Érase una vez una calle abierta a la vida. Su suelo combinaba colores y los días de humedad, las personas que la cruzaban tenían la sensación de ir resbalándose constantemente. Olía constantemente a churros recién hechos, tenía el eco de una máquina de afilar cuchillos y tijeras, y a veces, al fondo, se oía el eco de alguna gitana de esas que vendían ajos y tagarninas recién cogidas. En sus aceras, abrían sus puertas viejos negocios, de esos que ya no quedan. Donde podías comprar un batín o unas babuchas, o donde podías regalarle un ramo de flores a aquella niña que te enamoraba. Pero llegaba la Navidad, y una de aquellas tiendas parecía renacer como un volcán en erupción. Sus enormes cristaleras, parecían provocar el efecto de un embudo que hacía que cada chaval que por ella pasaba, cogiera con fuerza la mano de su madre o de su padre y tirara de ella en busca de aquel efímero reino de los sueños. En aquellos grandes escaparates, los niños dejaban marcadas las palmas de sus manos e incluso de sus narices, mientras sus ojos se perdían buscando la altura de una montaña de juguetes y muñecas que parecían no acabarse nunca, mientras un trasiego de bolsas y papeles de regalo a sus espaldas, daban forma a una de las noches más mágicas del año. Luego, la Navidad pasaba…y aquella tienda y aquella calle volvían a la monotonía. Hasta que la monotonía se volvió infinita… Y ya nunca nada en aquel enorme escaparate volvió a ser lo que era. Como en tantos sitios. Como tantas cosas… Y lo que era una señal inequívoca de que estábamos en Navidad, desapareció para siempre.

 

Tengo un amigo que dice que no cree en nada. O que cree que no cree en nada. O que quiere creer que no cree en nada. Yo en el fondo lo que creo…es que cree en muchas más de lo que él mismo piensa. Vaya trabalenguas ¿no? Es uno de muchos, a los que la vida le ha venido casi marcada desde hace muchos años. De esos que lleva desde pequeño una mochila en la que alguien le metió algo, y que por más que lo intenta …no acaba de conseguir sacarlo para siempre. Pero a veces hay gestos, recuerdos, símbolos, imágenes… que le hacen dudar de nuevo casi de todo. Como si su cabeza estuviera metida en una enorme coctelera de la que intenta salir aunque sea solo por un momento para coger un poco de aire. Como si sus dos verdades pelearan de vez en cuando para ver quien se lleva el gato al agua. Y se acerca la Navidad… Esa fiesta en la que medio mundo celebra el nacimiento de Jesús y el otro medio, aunque parezca rocambolesco, no sabe muy bien que es lo que celebra. Pero el caso, es que lo celebra. Y como un gesto más, casi sin saber aún si cree o no, volverá a reunirse con su familia para brindar y echar unas risas y quién sabe si quizás también alguna lágrima. Un día un amigo le dijo, que si nos empeñamos en echarle las culpas a Dios de todo lo malo que nos pasa, también deberíamos darle las gracias por todo lo bueno que nos da… Y en eso consiste al fin y al cabo la Nochebuena. Pero más en dar gracias, que en echar culpas. Todo sea dicho. Que la disfrutes amigo… Sé que lo harás.

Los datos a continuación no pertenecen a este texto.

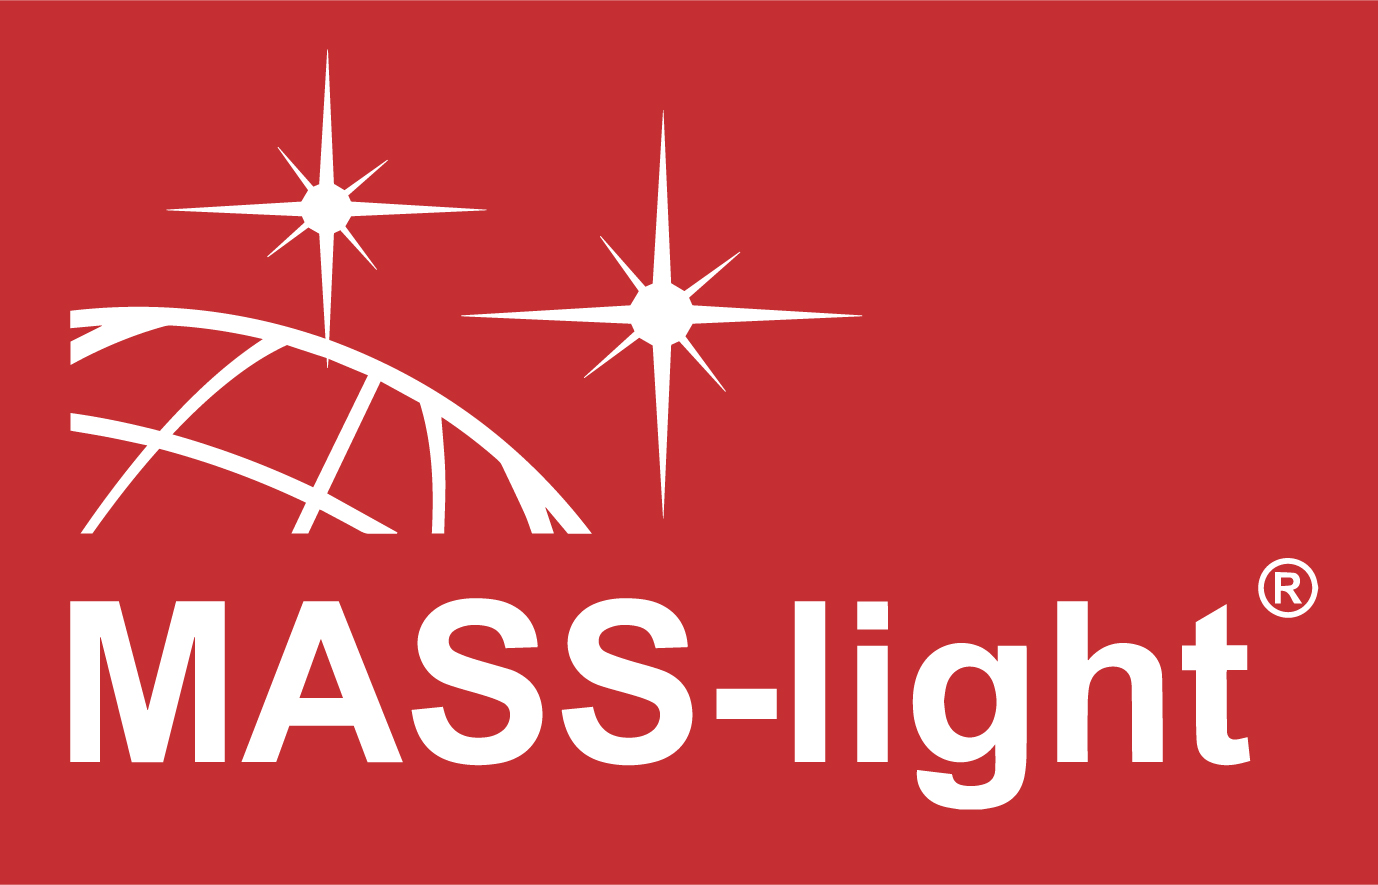 MASS-LIGHT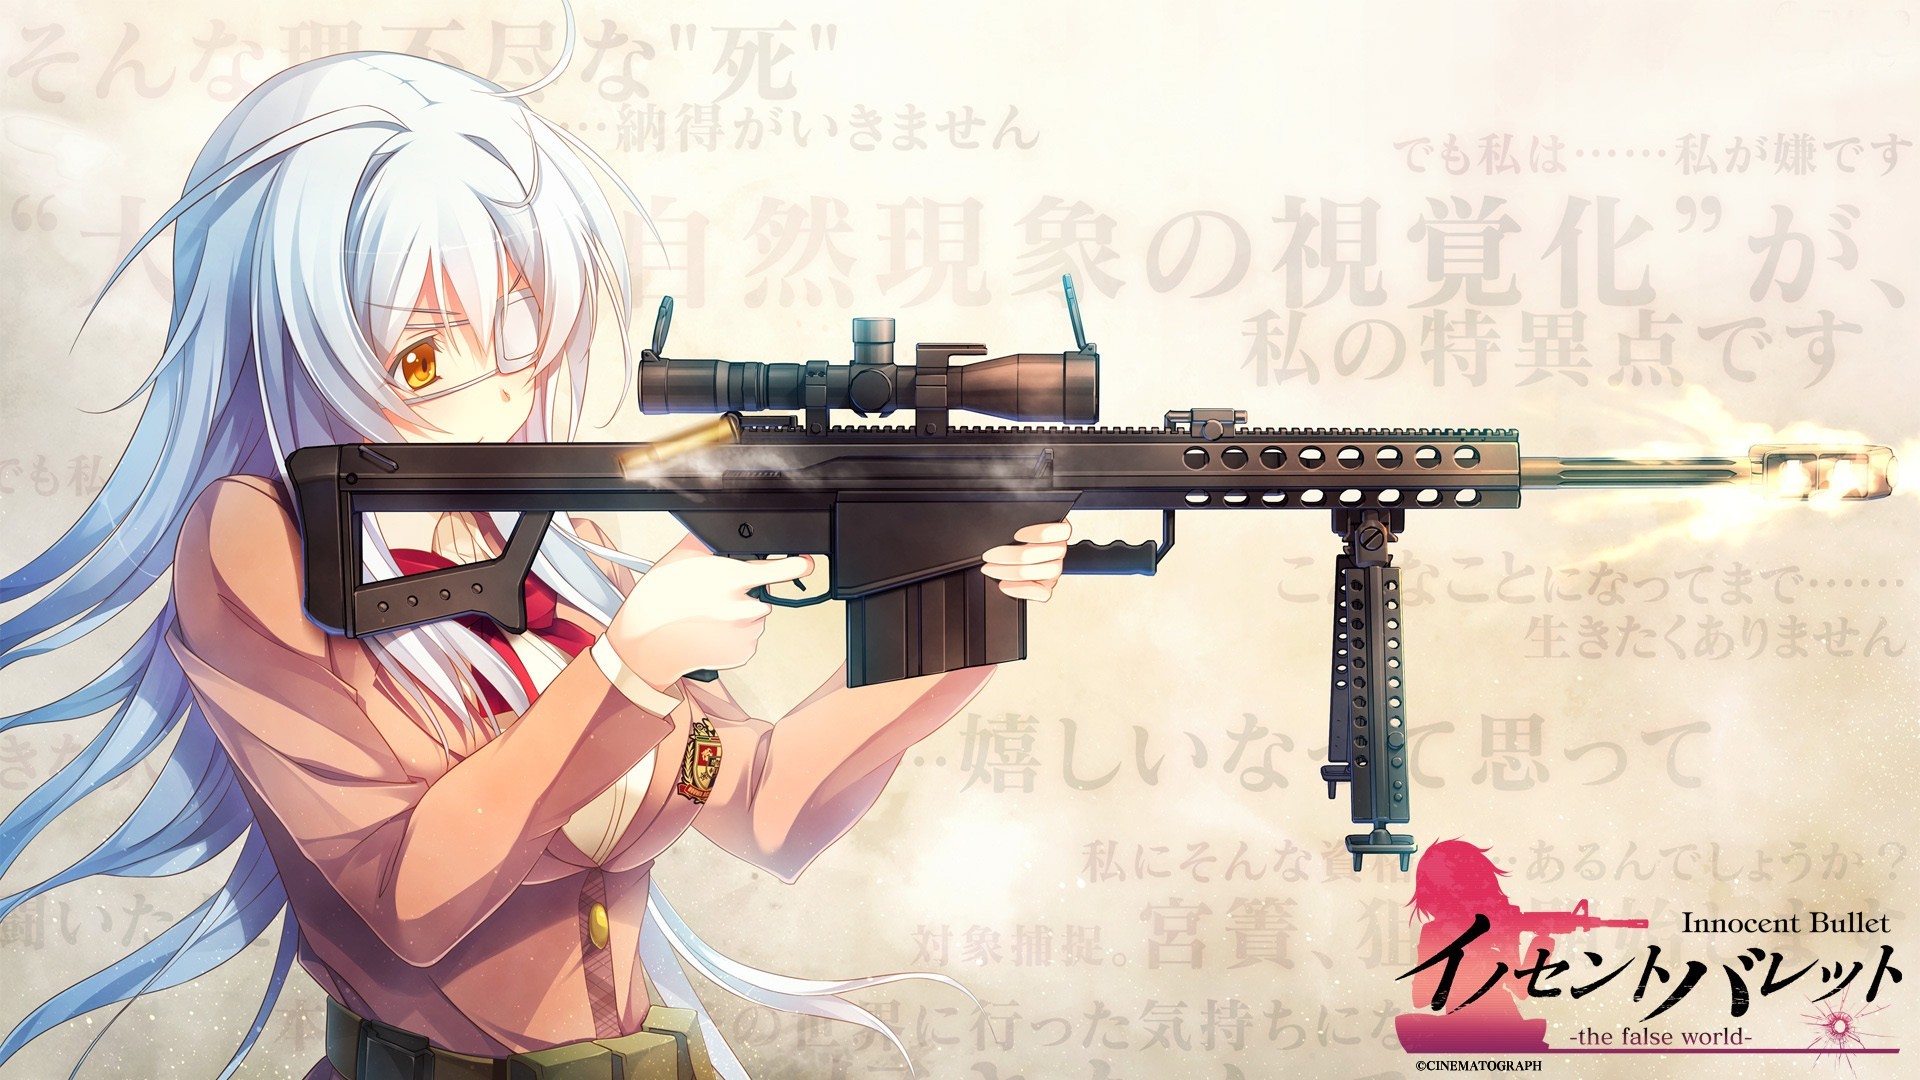 Gun, Women, Anime, Anime Girls, Eyepatches, Innocent Bullet the False World

Érase una vez un hombre enamorado de los Reyes Magos de Oriente. Solo pensar en la noche del cinco de Enero le erizaba la piel, y disfrutaba de la cabalgata y de todo lo que con ellos se relacionaba como un auténtico niño. Le gustaba fijarse en sus figuras cuando iba a ver los belenes, y se preocupó de enseñarle a sus hijos a vivir aquel misterio que hace que siempre aquellos tres hombres buenos sean capaces de cumplir casi todo lo que pedimos. Tan fanático se volvió de ellos, que empezó a cogerle verdadera manía a aquel personaje de rojo y blanco que venido no sabía bien de donde, le había quitado parte de su parcela a aquellos tres a los que tanto veneraba. Pero las cosas de la vida, por razones que no vienen al caso, aquel hombre no tuvo más remedio y un buen día, allá que estaba en aquel centro comercial enorme de techos inalcanzables y laberintos de escaleras mecánicas, vestido de Papá Noel, un gorro blanco y rojo con su borla, con una campana en la mano y soltando de vez en cuando un JO-JO-JO…que se perdía irremediablemente entre el bullicio de la gente que se afanaba en hacer sus compras. De pronto, reparó en que un niño de poca edad, con un paquete de golosinas en la mano se quedaba como embobado mirándolo. “Hombre…alguien que por fin me hace caso” pensó. Así que decidió acercarse a él, se agachó hasta ponerse a su altura y medio susurrando le dijo. “Y tú ¿Qué me vas a pedir que te lleve el día de Navidad?”. A lo que el niño sin dudarlo contestó: “No creo en ti. Eres solo un tío disfrazado… Yo solo creo en los Reyes Magos…” Aquel hombre se apartó de la cara del niño asombrado por la respuesta. Pero tras unos segundos de silencio volvió a acercarse y le dijo aún más bajito: “¿Pues sabes que te digo…? Que ya somos dos… “ Y dejó a aquel niño con la boca abierta y su bolsa de chucherías, mientras hacía sonar su campana alejándose entre la gente.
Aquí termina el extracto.